По случайному совпадению, у следующего полуопущено правое веко. Неверными пальцами он берет папиросу, закуривает лишь от третьей спички – снайпер давно бы уж пристрелил. А может, давно уже и пристрелил и позади тебя подскакивает чучело с небрежно вставленными стразовыми глазками? Таким вроде бы не до сдачи. Но когда едешь на последние… надо еще, чтоб на цветы хватило и на перонный билет.
Или везунчик в казино, оттуда будет не везунчик, а на своих двоих идунчик.
До полуночи ездят, по преимуществу, в половинном составе. Дама и валет в хорошо перетасованной перед началом игры колоде редко оказываются рядом – рядом они ложатся на стол. Да так и остаются, на пару сметенные в отбой. Отбой у них ближе к трем, когда все чаще говоришь «данке шёёён» – в ответ на командирское «отставить», относящееся к твоей руке, якобы отсчитывающей сдачу.
Но возможны проявления нетипичного, градации внутри образа: баранья нога скандала, посыпанная крупной солью слез, или куриная ножка – в золотисто-лоснящемся чулочке. Поверх плечика пушнина, завитки возле ушей, утомленный взгляд. Дует на горячее округленно-алыми губками. Вамп. Герр Альберих сам открывает ей дверцу – перстами, унизанными на сумму, равную той, что недосчитались в сейфе.
– Езжай домой, сокровище, не сердись. Гейнц еще должен отвезти твоего малыша к Оппенгеймам.
Только тронулись, хребтом чувствуешь: позади ерзанье.
– Меня укачивает, откройте окно…
Тормозим.
– У вас есть средство от головной боли?
Напротив Löwenapotheke.
– Купите и скорей возвращайтесь. Вы знаете, что нужно купить… Вот вам деньги.

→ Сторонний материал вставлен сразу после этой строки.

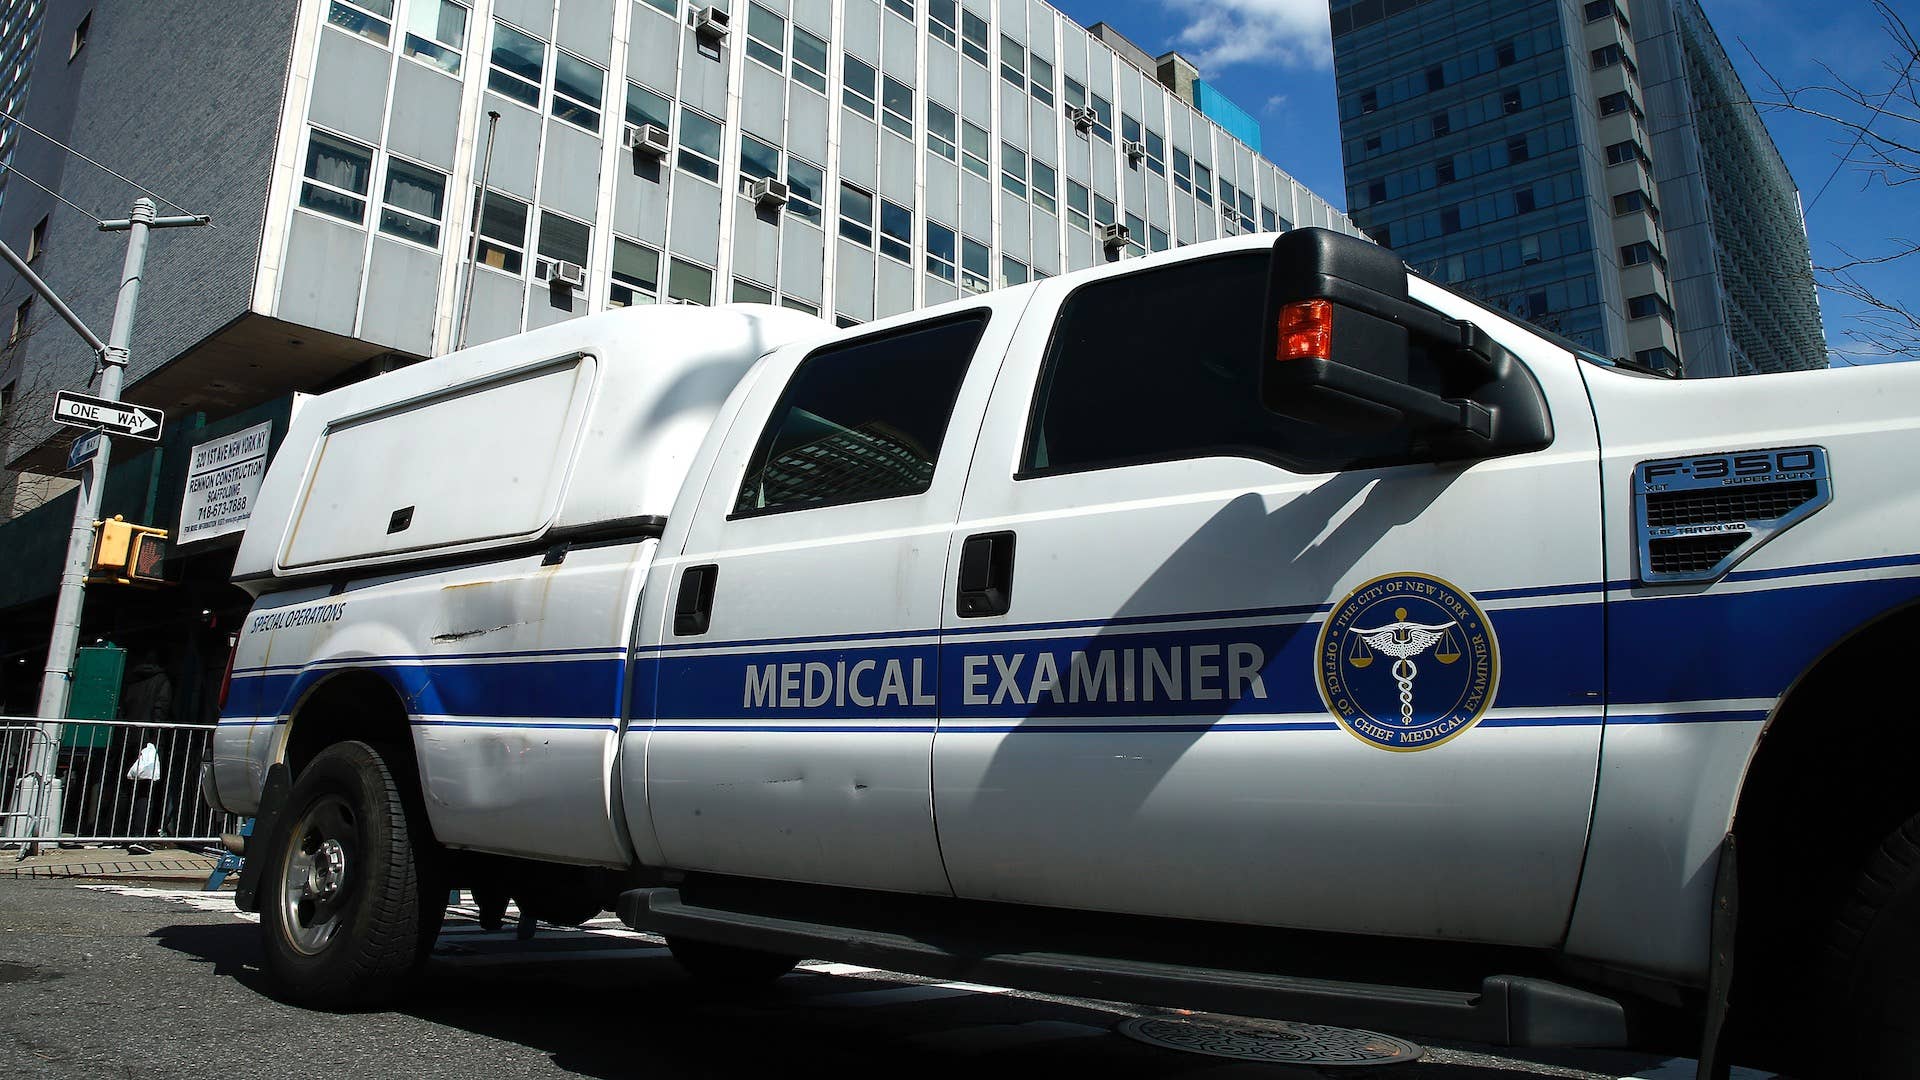 Medical Examiner NYC

– Мадам, я не приму от вас денег.
– Я так и подумала. Гейнц всегда у меня берет. Вы русский князь? Ах, вы цигойнер барон… Я знаю один пустырь в Грюневальде. Или хотите показать мне свой табор? Ах мал мала меньше… Камасутра писалась в фиакре с опущенным верхом.
С ночным шофером такое приключается раз в тысячу и одну ночь. Не будем переворачивать страницу. На пустыре, куда они въехали, громоздились кубометры стройматериалов, покрытых толем. Но пока что массовому проникновению сюда человечества предшествовали единичные вылазки. Вдалеке у леса маячила фигура. В предрассветной мгле не разобрать ни чем привидение занимается, ни какую может таить опасность для двух священнодействующих. Не похоже, чтобы погасивший фары автомобиль привлек его внимание.
– Что он там делает? – шепнул Берг.
– Не видите, с трупом балуется, – к подозрительному соседству она отнеслась легкомысленно: мы не мешаем ему, он не мешает нам.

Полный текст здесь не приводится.